CHI focuses on performance improvement in several areas: revenue cycle, labor management, non-labor overhead, supply chain, organic growth, information technology, and the medical group enterprise. The goal was to establish efficiency, systems and processes standards, economies of scale, lowered costs and savings, improved growth and revenue, and consolidation of services. CHI uses an operating model incorporating four areas which are philosophy, performance metrics, playbooks, and performance reviews (Catholic Health Initiatives, 2018, p. 6-7).

 

Results

CHI uses performance metrics to gauge accomplishment and performance reviews to track improvement (Catholic Health Initiatives, 2018, p. 6-7).
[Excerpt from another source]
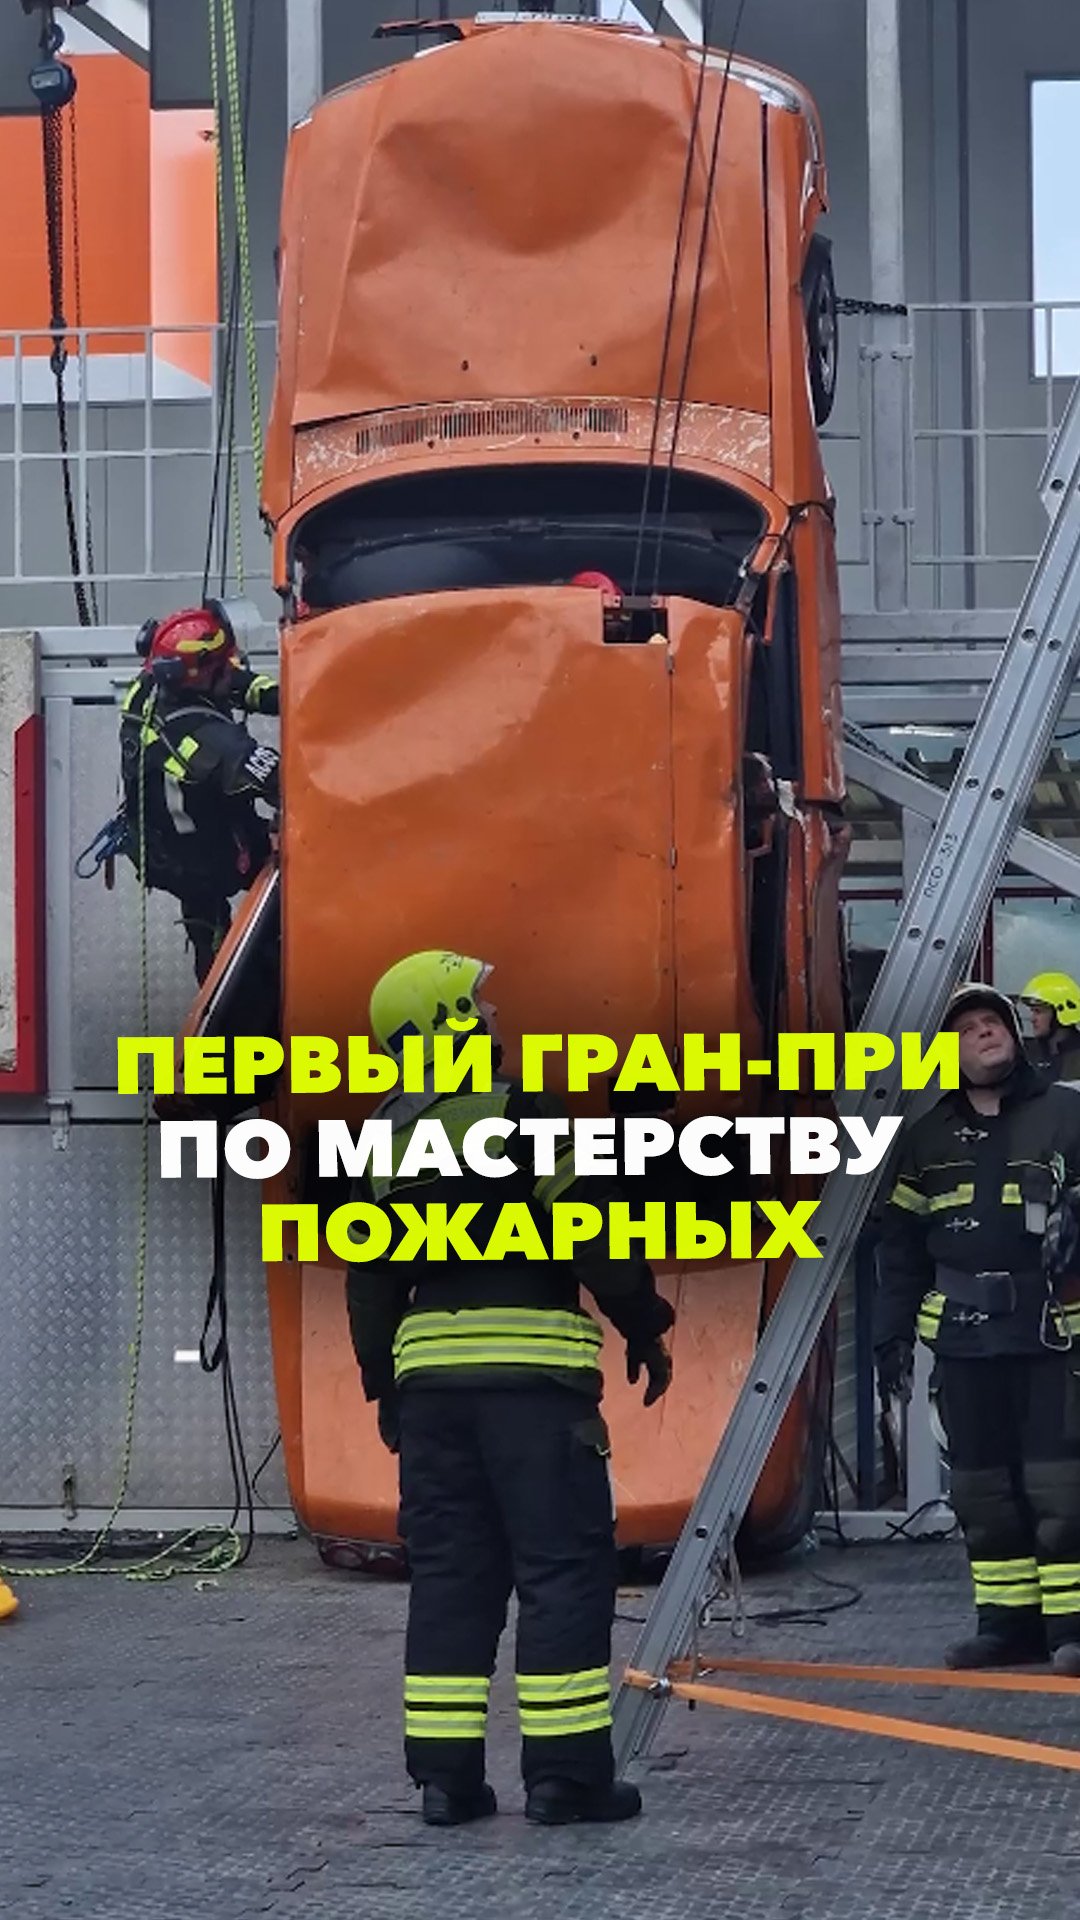 1-й международный Гран-при профессионального мастерства пожарных и спасателей

Patient experience is a measure that would satisfy patients (Catholic Health Initiatives, 2018, p. 6). The number of employees and providers CHI has is one measure of workforce capability (Catholic Health Initiatives, 2018, p. 41-42). CHI’s recent acquisitions, realignments, and divestitures indicate strategy in action (Catholic Health Initiatives, 2018, p. 12). CHI’s facilities all have the required licenses and certifications to operate and for Medicaid and Medicare reimbursement. (Catholic Health Initiatives, 2018, p. 42).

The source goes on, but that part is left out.